The crew and I struggled up the slope of crumbled sandstone. Finally we gave up on dignity and climbed on all fours, with our feet turned outward for extra grip. Still, I slid more than once, ripping cuts in my forearms. I kept looking around and seeing, with a reliable little chill, how small our troop looked against the cyclopean landscape. Like I said, I’d only brought twenty-two porters, four Harpy Clan bloods counting my adopting brother Hun Xoc, Six Ixian Rattler bloods, 7 Iguana-the Harpy sacrificer-and our head outrunner, 4 Screaming, with his own crew of nine, and a few other miscellaneous functionaries. It wasn’t enough to fight off even a single veintena of actual soldiers. If they found us.

The slope leveled out into a wide oval tableland that floated over the ash shroud around us, so that it felt like we were in a crater on some C-class asteroid. We posted lookouts at the rim and I marked three hundred and fifty paces to the nearer center of the oval and signed to Hun Xoc. He relayed the command to the porters and they set down their packs, put together their wooden shovels, and started digging. Hun Xoc and his two porters and I got out a forty-arm’s-length right-triangle surveyor’s cord and marked out the four smaller holes where we’d drop in the lodestones. In the twenty-first century, they’d be brazenly visible from any of Warren Communication’s microwave-sounder satellites. Before that was done, the crew hit rock, four arm-lengths down, but they changed their wood shovels for picks and kept at it. Hun Xoc, the other bloods, 7 Iguana, and I all sat on the piles of rubberized bags and watched. Greathouse bloods didn’t do dirt.

We waited. Maximon had been right about the wind. Lord Papagayo had been walking strong on the plain, but up here when you dropped dust out of your hand it fell straight down. Weird.

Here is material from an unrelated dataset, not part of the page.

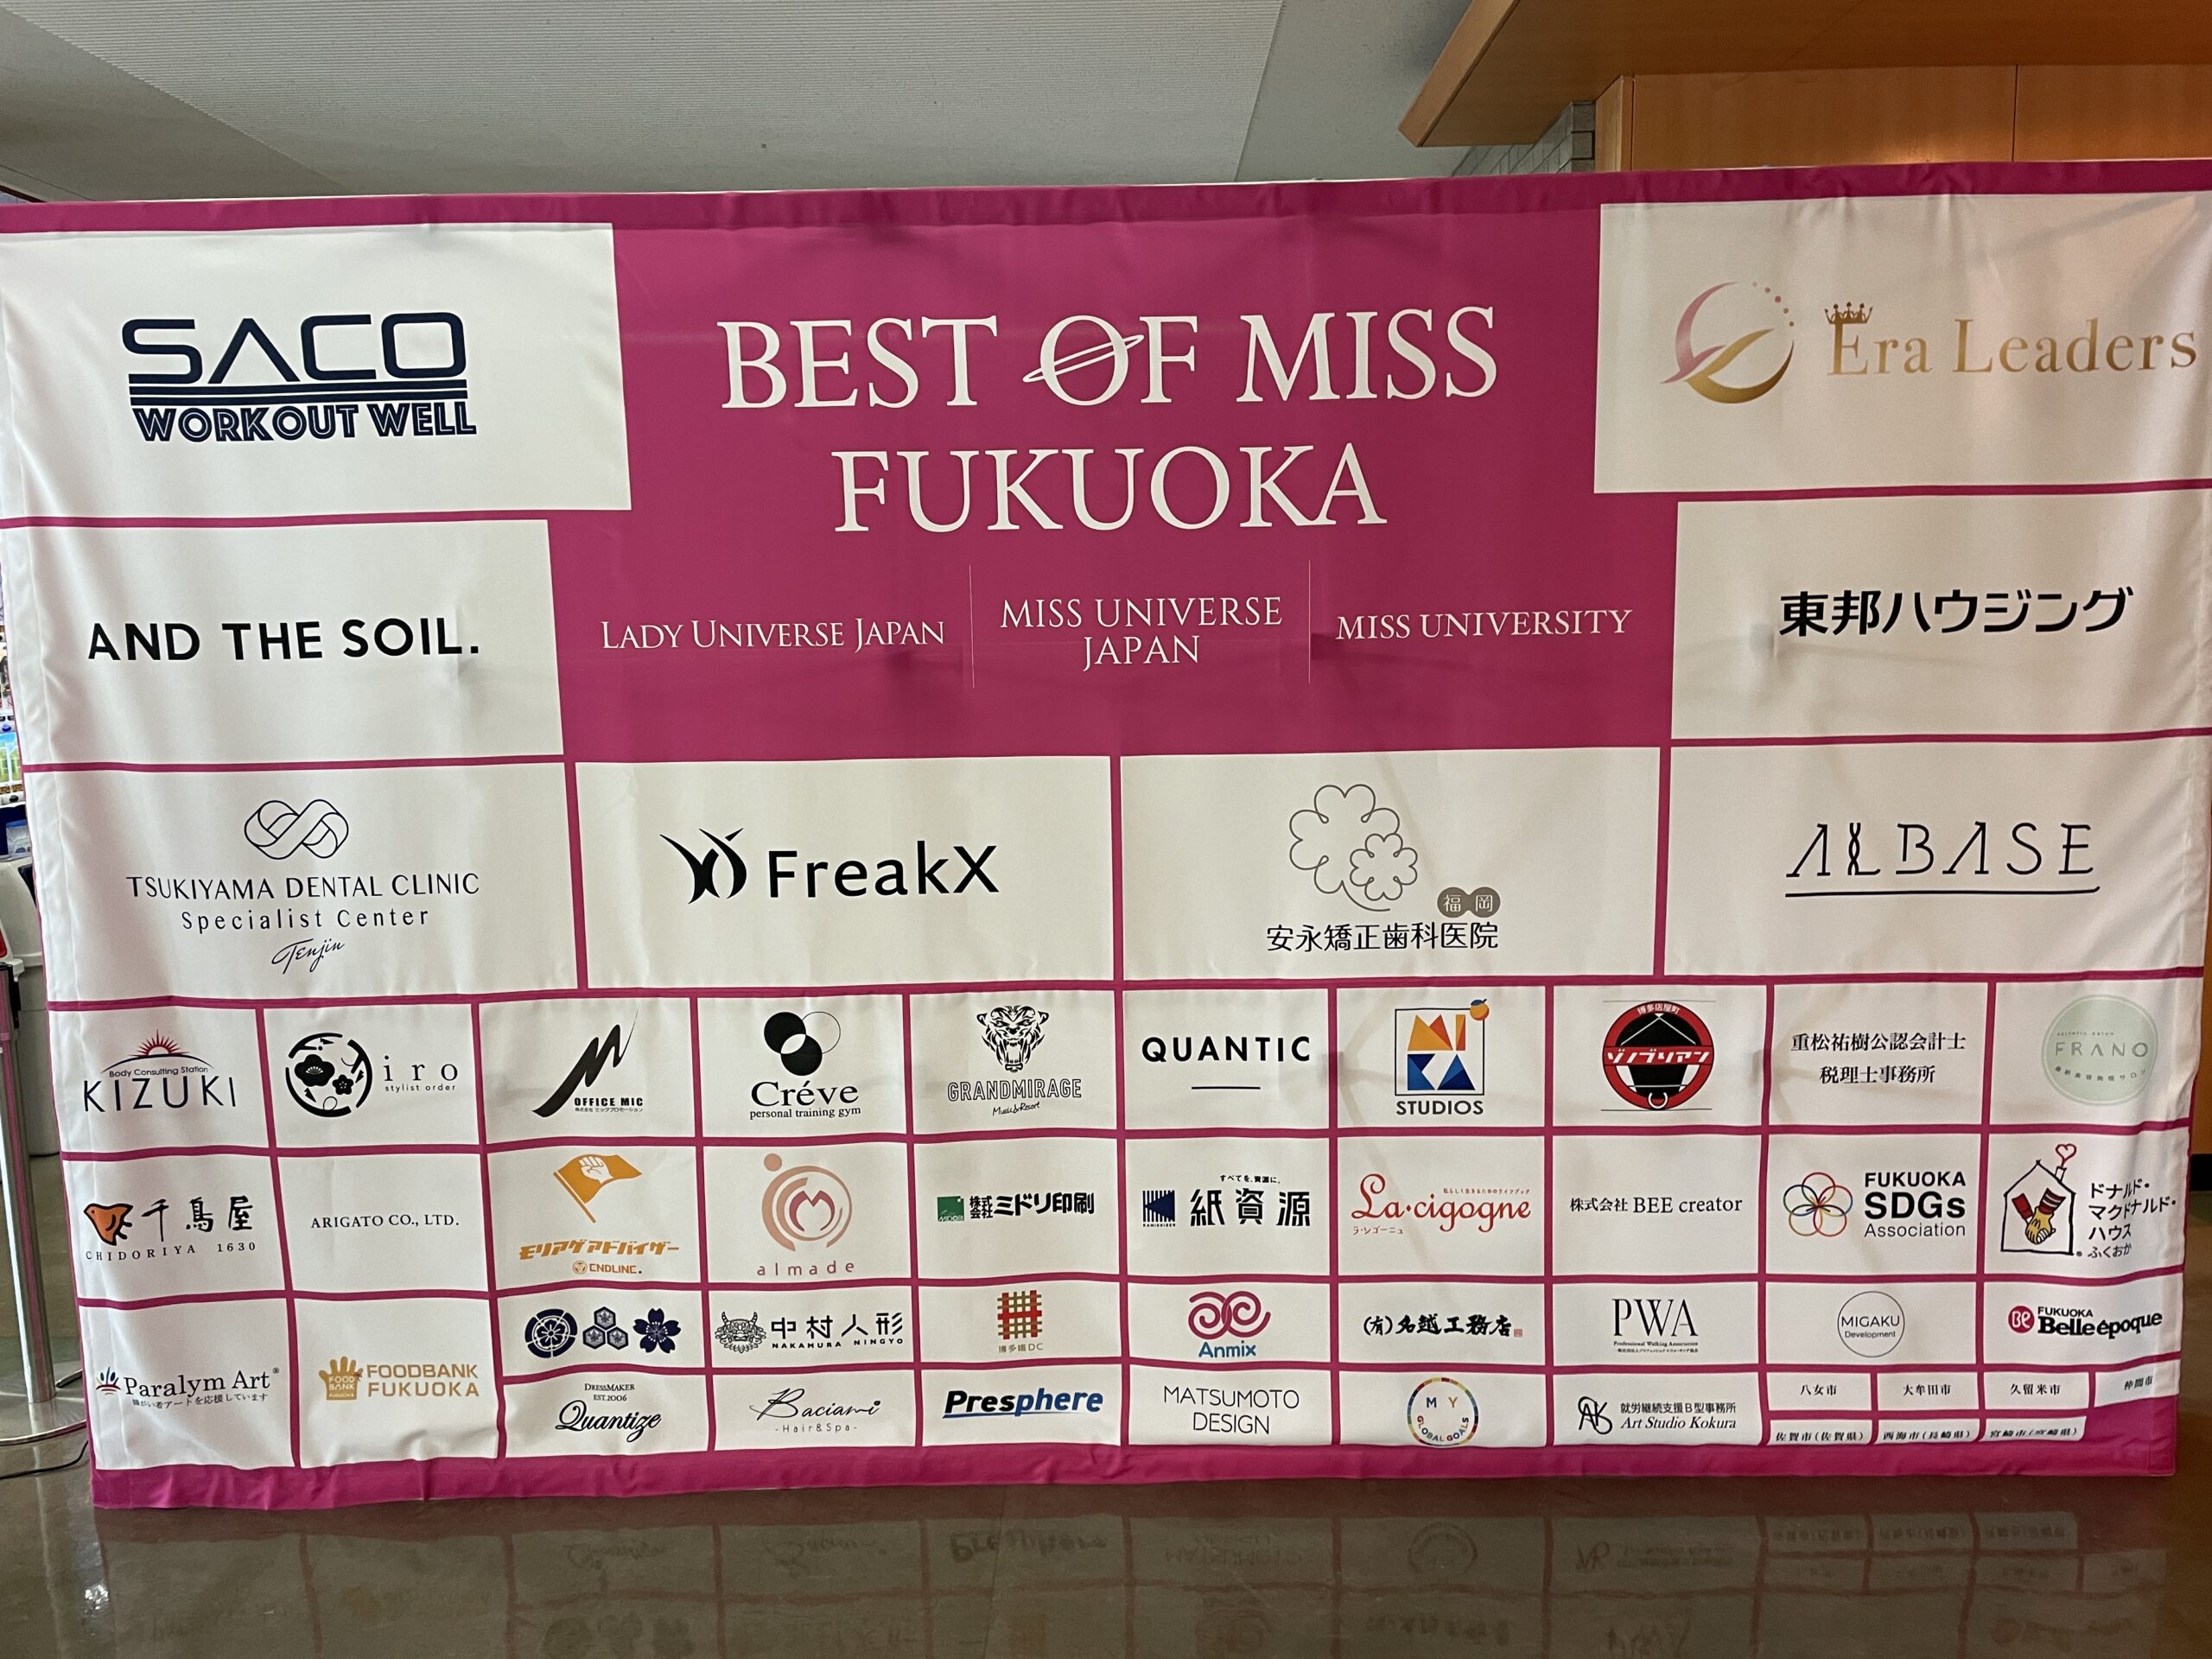 Best of Miss FUKUOKA

We’d brought six nearly identical terra-cotta round ovens, each about twenty finger-widths across. Each one was wrapped in rubberized deerskin so that it looked like a half-deflated yellow beach ball. Inside each of the vessels were two more nested terra-cotta bowls with a layer of wax between them. So each round oven had only about forty cubic inches of interior space. Still, one of these interior spaces held four duplicate screenfold books with my notes on the Game, copied, two tiny jadeite bottles of the refined tsam lic compounds, toads and other critters mummified six different ways, and two folded miniature feather-cloth Game boards, all packed in expensive Cholulan rock salt. I hoped it would give Marena and company enough information to stave off Armageddon. Still, I couldn’t just slack off. Even if they got the package-well, I was pretty sure they’d get it, but let’s say even after they got it-there’d be a chance that without the sort of specialized knowledge and skills I was picking up from Koh, they wouldn’t be able to use the Game effectively enough to stop all potential doomsters. If we wanted to be closer to certain, I’d have to get my working brain back, with all its precious cargo. Or most of it.

The other five round ovens held various counterfeit versions of the stuff, convincing enough, I hoped, to satisfy any treasure hunters who might get the gossip.

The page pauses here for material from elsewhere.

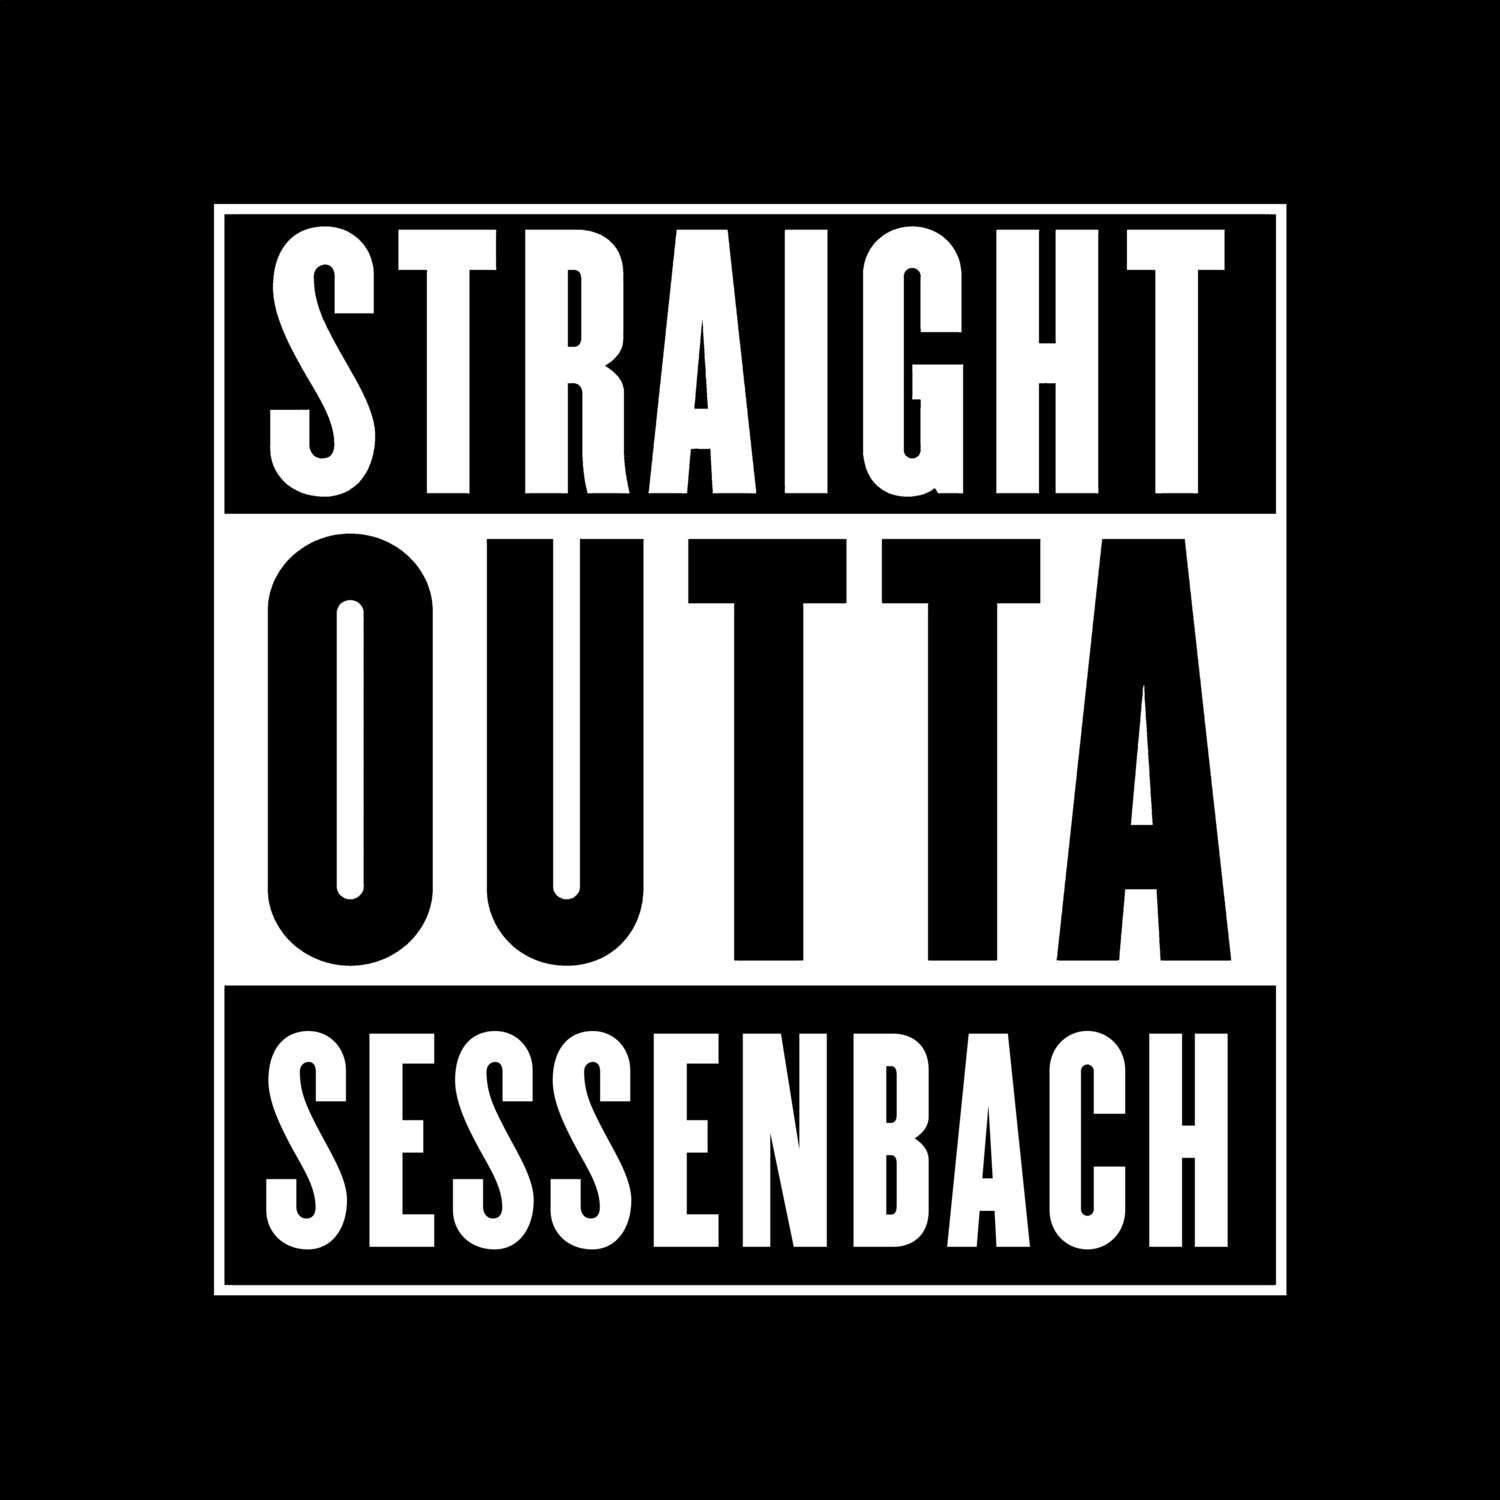 Sessenbach T-Shirt »Straight Outta«

After four hundred times four hundred beats I strolled over and looked in. They’d gotten down another two arm-lengths. Good enough. We started them on the second hole, one rope-length-about twenty-one feet-west of this one. Again, we sat and watched. Armadillo Shit picked fleas out of my hair. The flint pick heads struck showerlets of sparks on the bedrock. Hun Xoc told them to speed it up.

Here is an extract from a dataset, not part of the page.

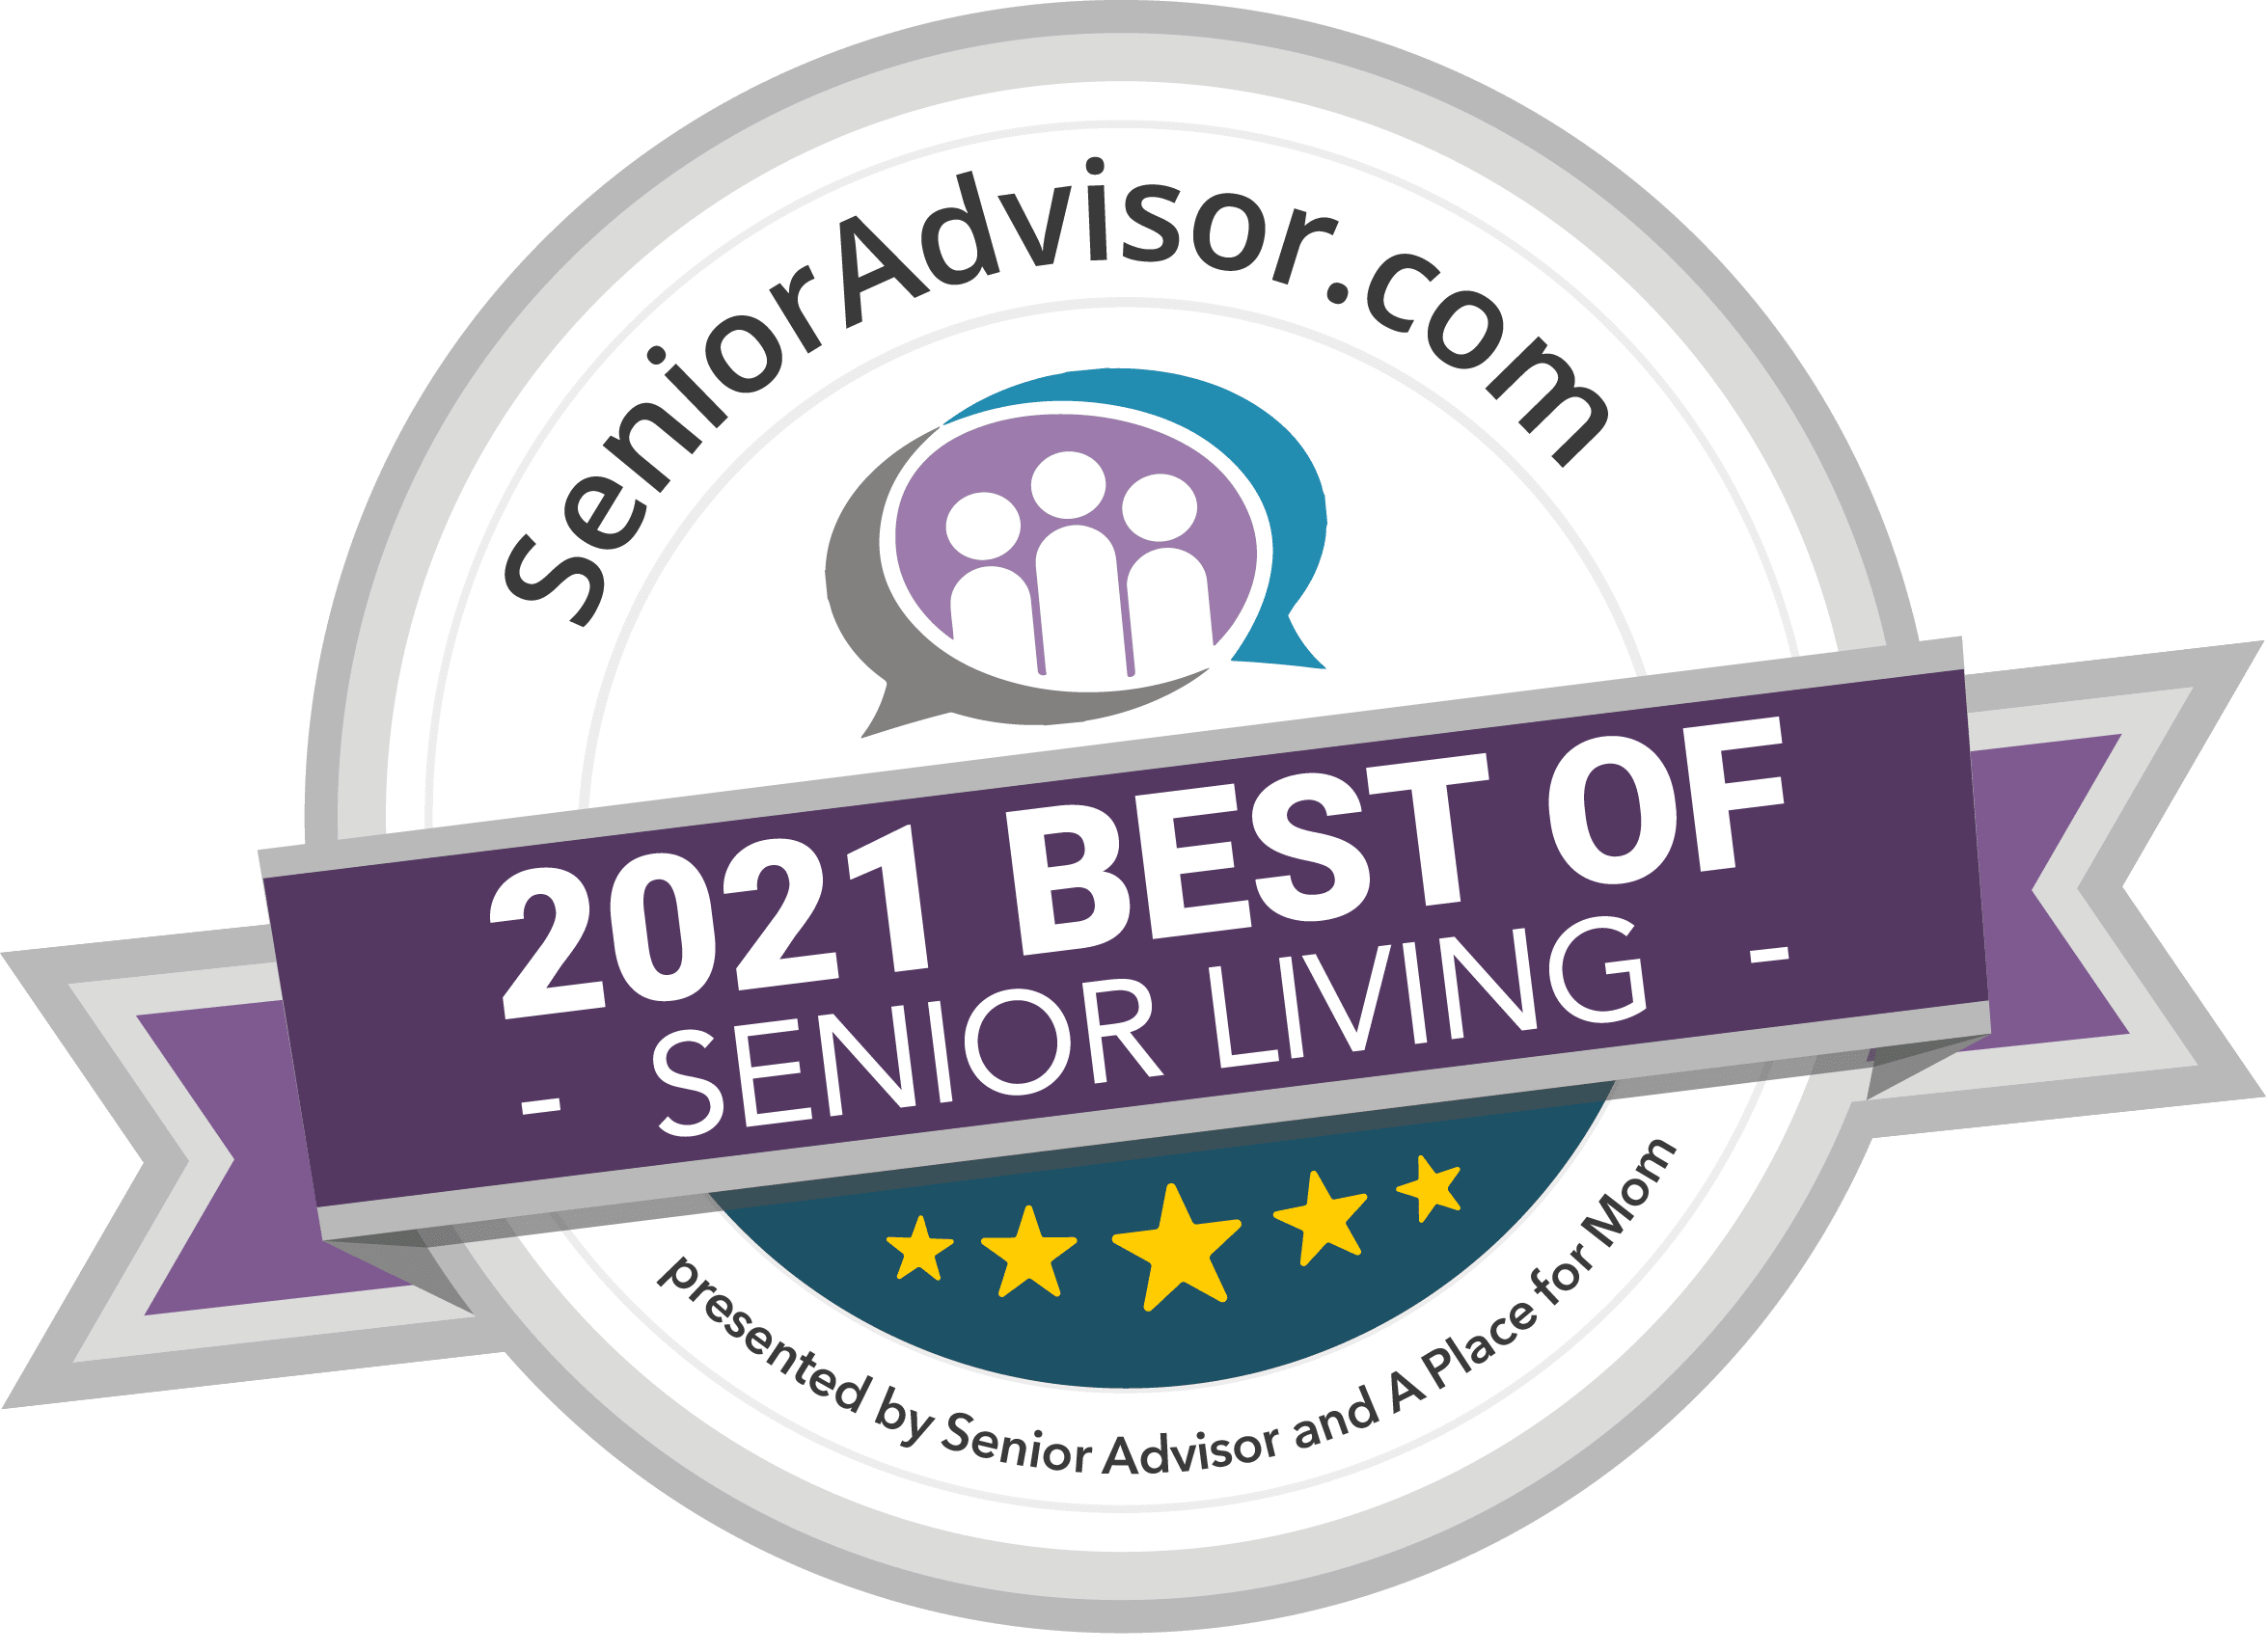 Senioradvisor.com best of 2020 senior living

He’s right, I thought. They’re working hard, but they don’t seem eager to finish.

They know.

Well, it can’t be helped.

After another hundred-score beats they’d finished fifteen holes. Enough to fill the Albert Hall, I thought. All right already. I signed to 7 Iguana to get ready, and he opened his pack and took out a short muffled mace, like a ball-peen hammer with its head wrapped in rubber tape.